Wed, Oct 24, 2018 - Page 8 News List

Teaching Hoklo by watching Hoklo films

By Lin Jung-shu 林榮淑

Since its launch in 2013, the Taiwan Film Institute’s Taiwan Cinema Digital Restoration Project has restored two to three classic Taiwanese films every year. The restoration of Hoklo (commonly known as Taiwanese) subtitles on Hoklo-language movies is not only significant for cultural preservation, but also serves to promote the use of the language.

Last year, the institute collaborated with National Taiwan Normal University’s Department of Taiwan Culture, Languages and Literature to create the world’s first Hoklo subtitles, for the Hoklo movie Back to Anping Harbor released in 1972, starring Taiwanese opera superstar Yang Li-hua (楊麗花).

The National Education Radio has prepared a brilliant report on the movie for its Hoklo-learning program’s episode on Hoklo movies.

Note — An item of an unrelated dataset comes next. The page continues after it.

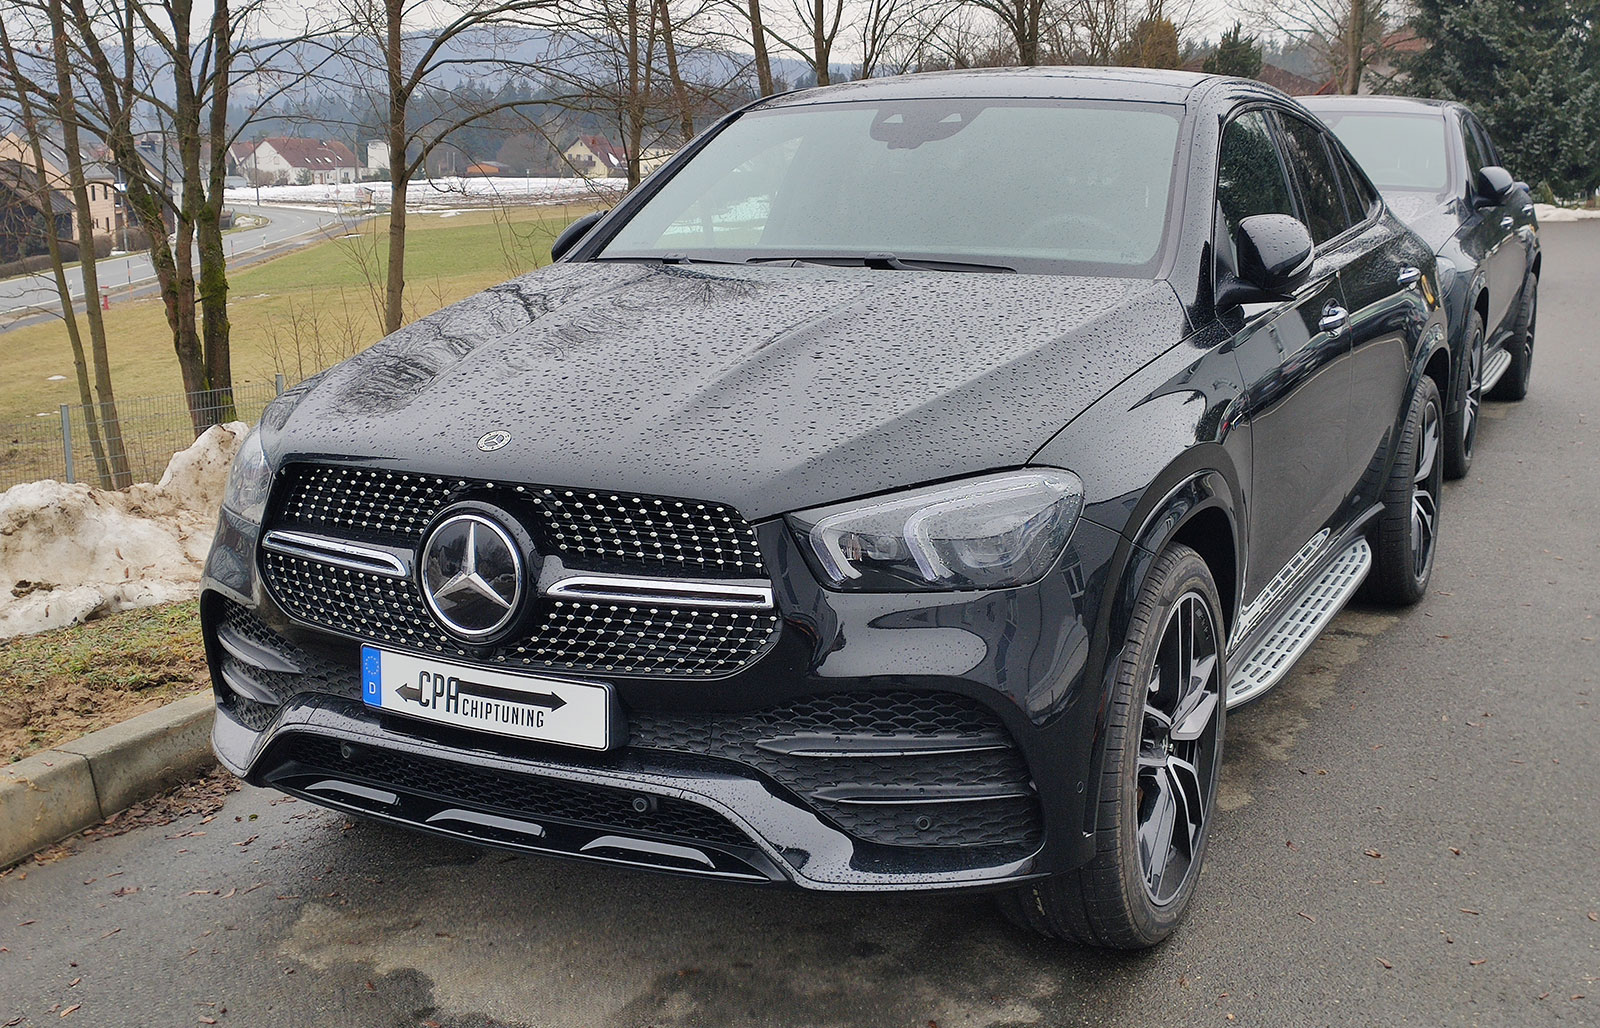 The new Mercedes GLE 350 de being tested at CPA

Screening vintage Hoklo drama movies in the 21st century serves a specific audience. To attract new moviegoers, more effort needs to be made to teach the language to the younger generation by having them watch Hoklo movies.

I was lucky enough to be invited to the screening of Back to Anping Harbor at the Taiwan Association of University Professors in Taipei on Wednesday last week. After the screening, a survey of the audience’s opinion about the efficacy of the Hoklo subtitles was conducted.

However, the audience could hardly make up a proper sample for the survey, as it was mainly composed of a niche group, so its representative significance is questionable.

To study the Hoklo subtitles’ effectiveness, more public participation and attention from people with insight and knowledge on the matter are needed.

Hoklo and Mandarin are derived from the writing system of Chinese characters, but there are differences. The movie title serves as a good example: It would be written as 回來安平港 in Mandarin, but 轉來安平港 in Hoklo.

Past government policies have led to a decline in the number of people who understand, speak and read Hoklo.

Hoklo movies with Hoklo subtitles would definitely be more authentic than those with a Mandarin counterpart. However, if the audience is not familiar with the Hoklo pronunciation, reading Hoklo subtitles to assist their understanding of the movie would only pose more challenges, as scenes change rapidly, while people reading text in a book or magazine can pause or slow down whenever they need to and digest the meaning of the text at their own pace.

The Contents of the Times (文藝春秋), winner of the literature category in this year’s Golden Tripod Awards for publication, and Shih Bai-jiun’s (施達樂) Lang Hua (浪花), the first Taiwanese winner of the Wuxia Novel Contest, along with Shih’s previous Taiwanese martial arts novel Ben Se (本色), all fully deploy the wittiness of writing Hoklo in Mandarin. Reading out sentences from these books will bring enormous fun and a deeper understanding of the content to readers who are familiar with Hoklo.

Hoklo education should first aim to teach children how to understand and speak the language before teaching them to read and write, which are more challenging. As elementary schools only teach Hoklo one hour per week, progress for children from families who do not value the language would be even slower.

A policy to implement bilingual education in Mandarin and English is around the corner, which would certainly squeeze the space and time for Hoklo learning. If people leave the tasks of teaching Hoklo reading and writing skills to texts and try to cultivate young people’s listening and speaking skills by watching Hoklo movies, it would contribute more to learning the language than one could hope for.